The Deli: What makes your particular gear achieve the sound you're looking for in your music?

Chris: It's all very touch-responsive and full-frequency reproduction is there. I like a balanced sound so that I can manipulate things with my hands to get different sounds.

The Deli: How would you describe your sound?

Chris: Old school, deconstructed.

  

The Deli: How was the process of finding your right equipment to achieve your sound? 

Chris: That's a good question. I don't think it's ever really "achieved." The process is the point. I'm always tinkering, looking for improvements. I'm always going to sound like me, both the good and the bad, but am seeking the best version of that I can put forward.

The Deli: What projects are you in you're in right now?

Chris: Tiny Horse, mostly. Getting our recording studio up and running.

The Deli: What other instruments do you play?

Chris: Just guitar. a tiny bit of lap steel. I'm just learning, really.

The Deli: Who are your favorite or most inspirational players (of your instrument[s]), both in KC and beyond? 

Chris: In KC, Marco Pascolini, Jimmy Nace and Mike Alexander come to mind. Overall, I really like Doug Pettibone (Lucinda Williams and Marianne Faithful), Bo Ramsey, Buddy Miller. I pretty much want to be Buddy Miller when I grow up. When I was just learning, it was the Jimmy's (Hendrix and Page). Keith Richards. Hubert Sumlin. early Clapton. The usual.

     

 

     

 

     

 

The Deli: What is your ideal dream equipment set up? 

Chris: I'm pretty much there. If I had slightly smaller and slightly larger versions of my amp with the same sound for varied size gigs I'd be a little happier, I guess. I'd like to build a Jazzmaster and a Jaguar just so i had the full set of bastardized Fender designs.

The Deli:

 Where do you like to shop for gear, and why?

Chris: Because I'm very specific about my gear, I shop online a lot. If I go to a music store, it's usually Midwestern Musical Co. For strings and stuff like that. Maybe a nice Jaykco guitar strap.

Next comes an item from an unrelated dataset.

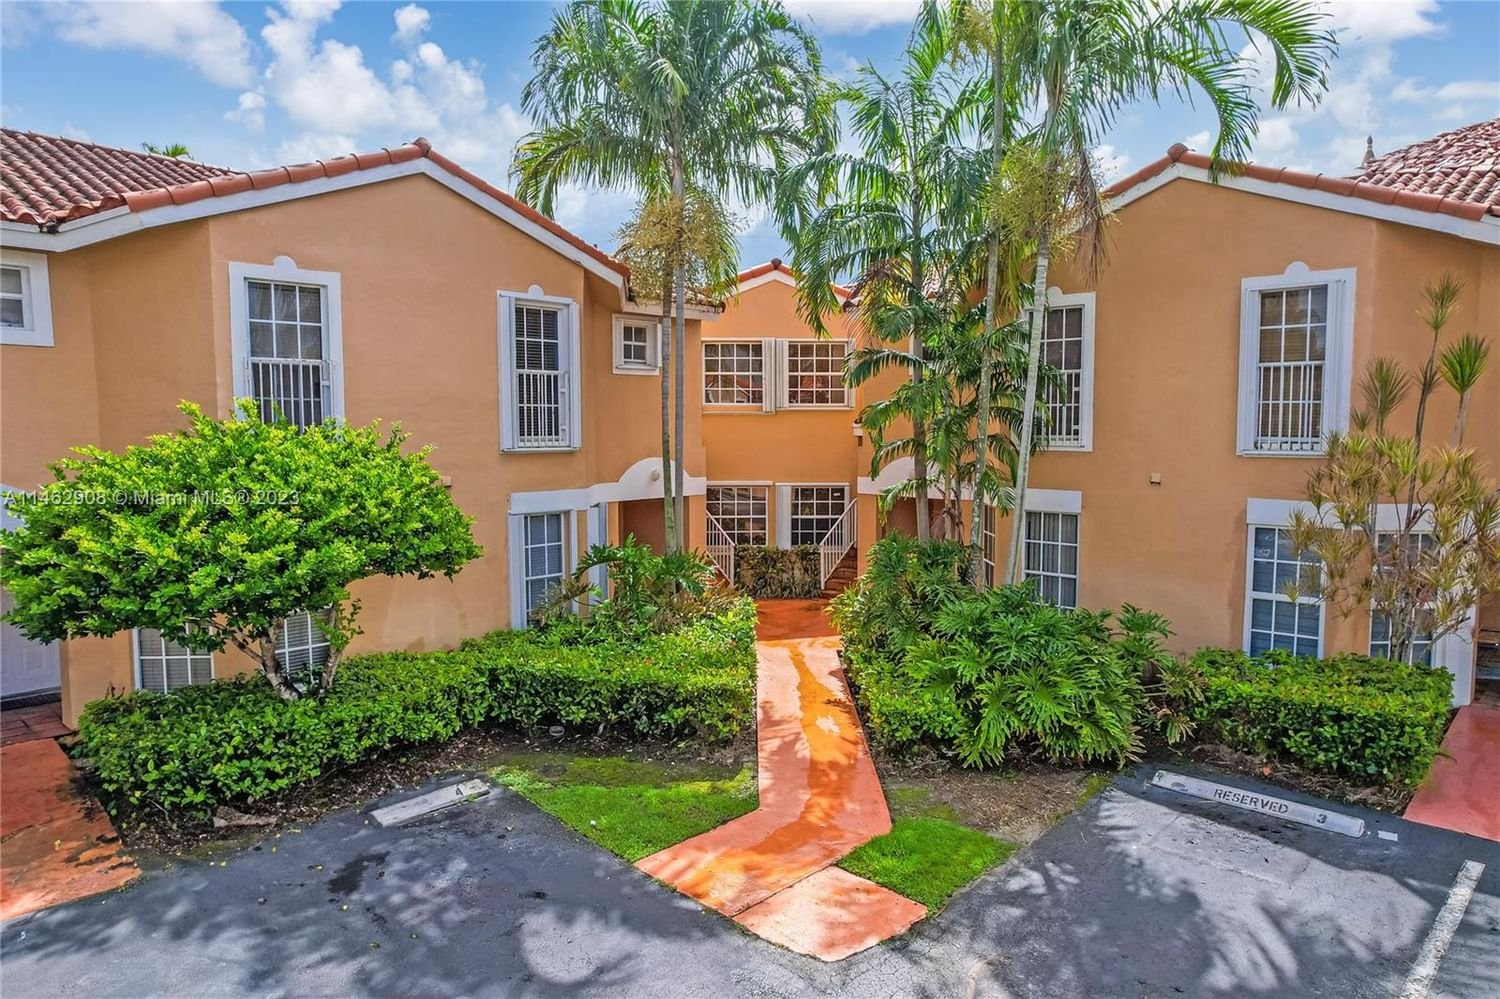 Real estate property located at 14305 57th Ln #7-5, Miami-Dade County, Miami, FL

The Deli: Do you have a favorite KC venue to play in terms of sound quality? 

Chris: recordBar. It used to be Davey's, but I don't really feel as at home there these days. Crossroads is cool.

The Deli: Ever made or have thought of making your own custom gear? 

Chris: Almost all of it already is. :)

You can see Chris in action this Sunday at recordBar at the Sonic Spectrum Dealer's Choice tribute show. He and Abby will be playing as Tiny Horse with a crew of friends. They'll be playing several selections handpicked by Sonic Spectrum host Robert Moore. You can also frequently spot Chris running sound at local venues across KC, and doing a damn fine job of it.

-Michelle Bacon

Michelle is editor-in-chief of The Deli - Kansas City. She also has a weekly column with The Kansas City Star and reviews music for Ink. She plays with Deco AutoDrew Black and Dirty Electric, and Dolls on Fire. She looks extremely angry at all times, even when you might not think so.